▶ [ABOUT THIS EXERCISE]: Take the records below and set down exactly the lines from the one with "HUSTLER® Playthings Remote" to the one with "flames - red", ends included; do not copy the pictures.

▶ [DATA EXTRACT]:
----

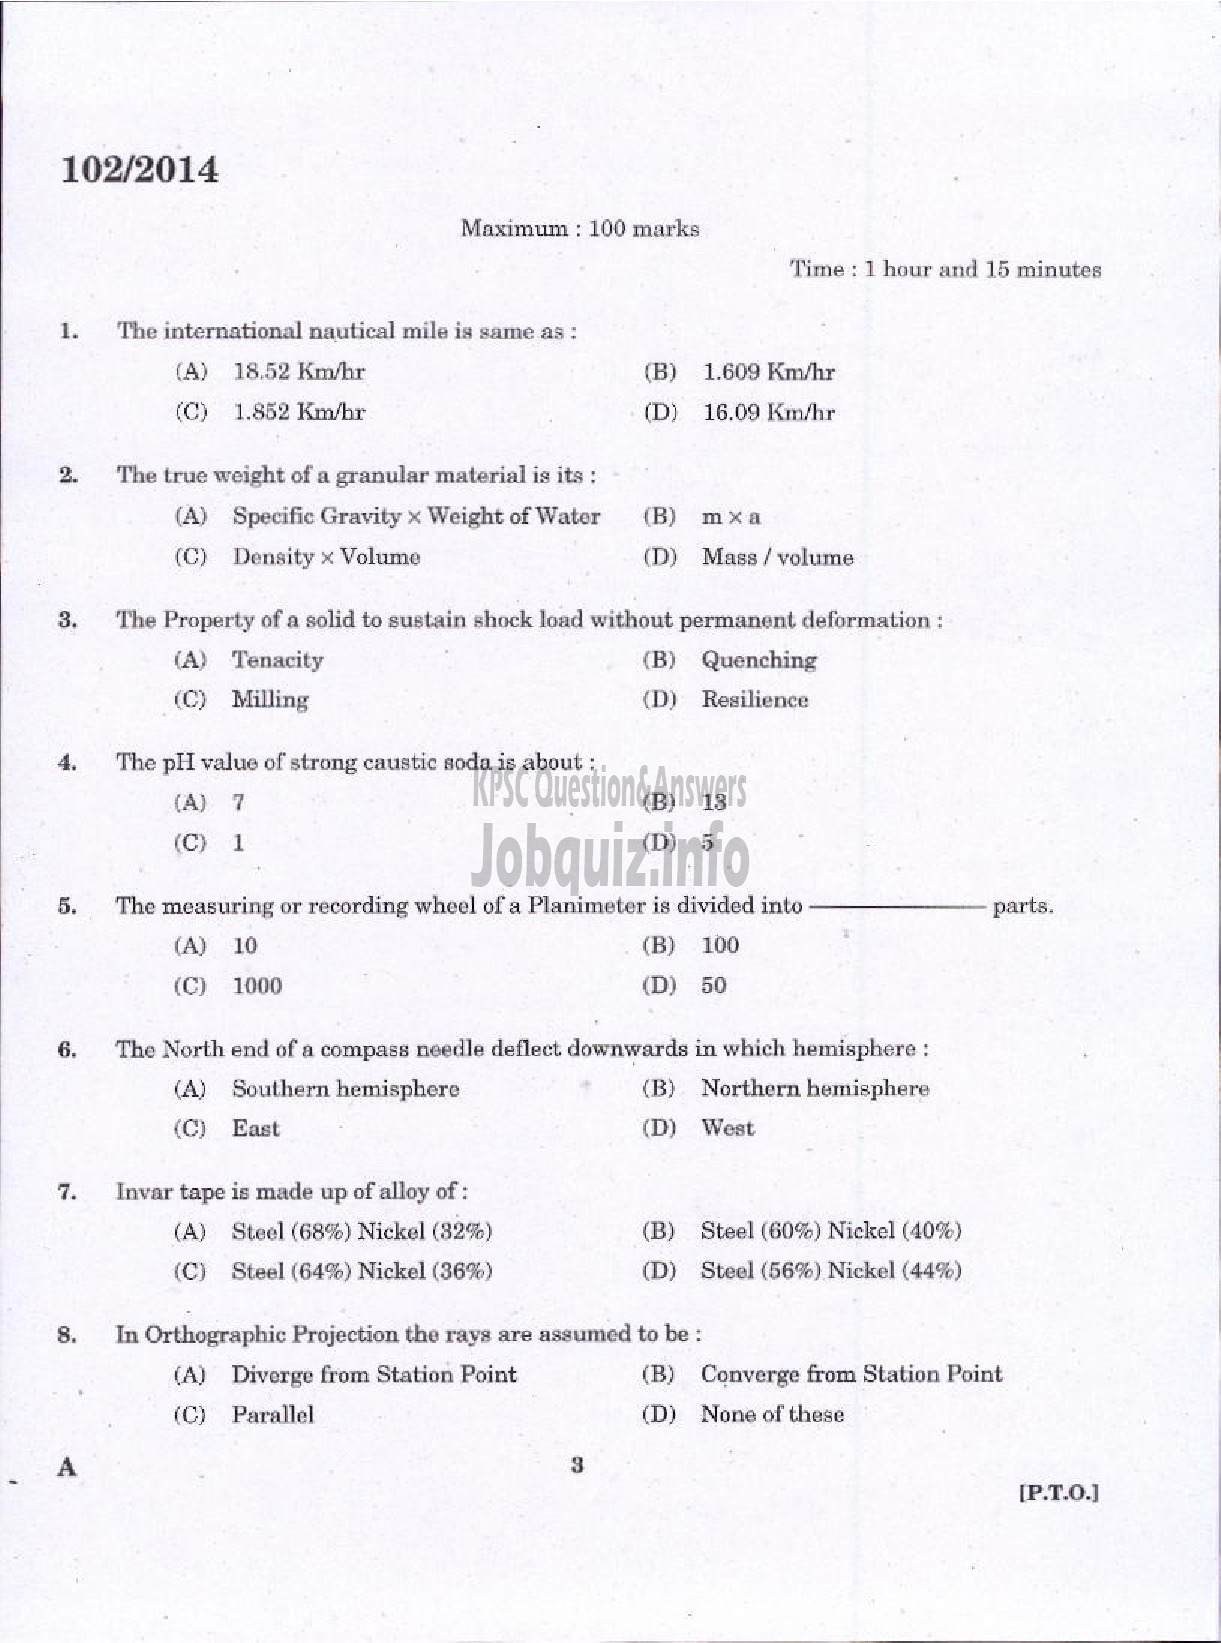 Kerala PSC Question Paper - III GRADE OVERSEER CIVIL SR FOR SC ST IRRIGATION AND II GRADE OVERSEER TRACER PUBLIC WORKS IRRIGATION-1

----

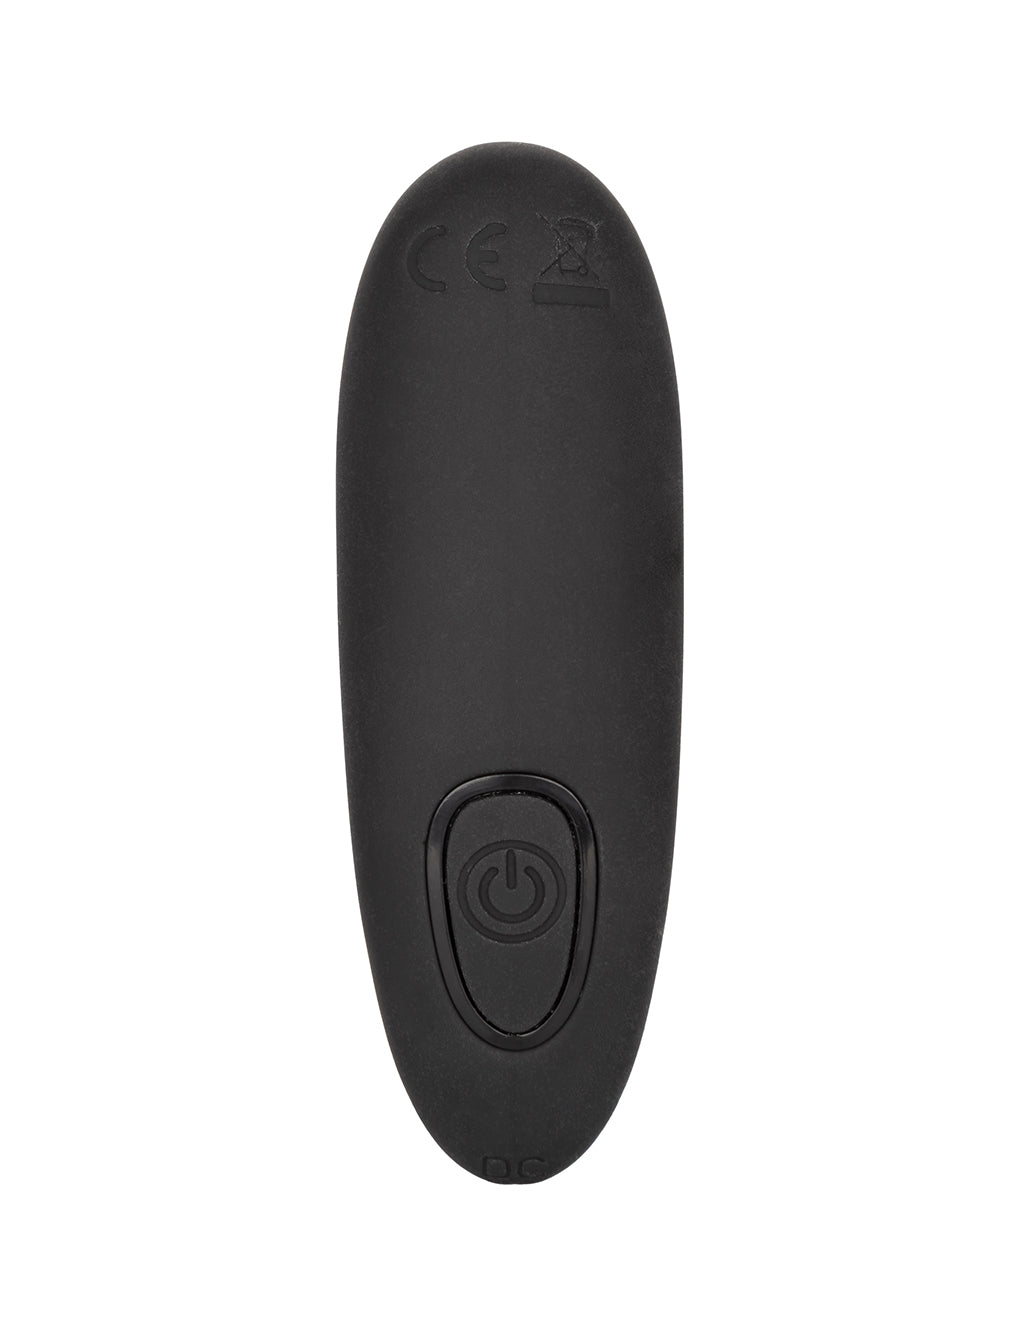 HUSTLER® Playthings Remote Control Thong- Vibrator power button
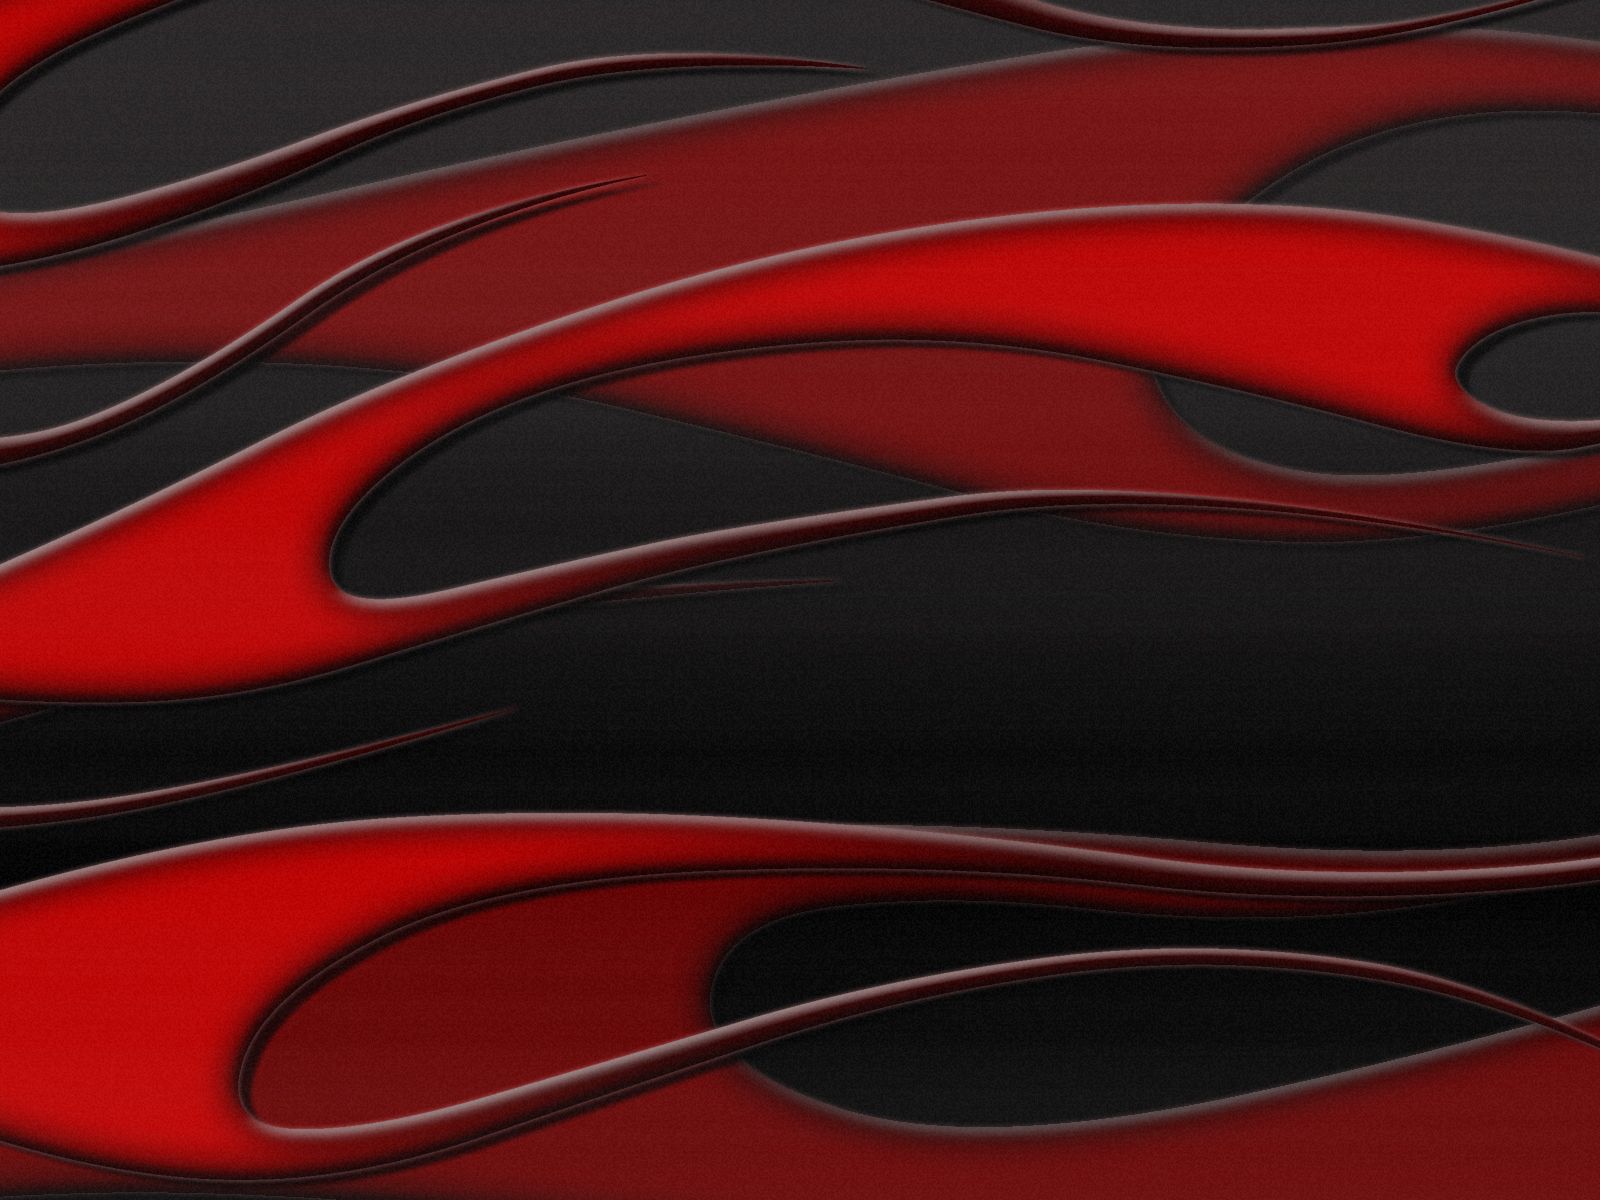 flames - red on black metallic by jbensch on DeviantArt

----

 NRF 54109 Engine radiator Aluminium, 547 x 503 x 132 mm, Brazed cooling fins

----

▶ [REPLY TO THE TASK]:
 HUSTLER® Playthings Remote Control Thong- Vibrator power button
 flames - red on black metallic by jbensch on DeviantArt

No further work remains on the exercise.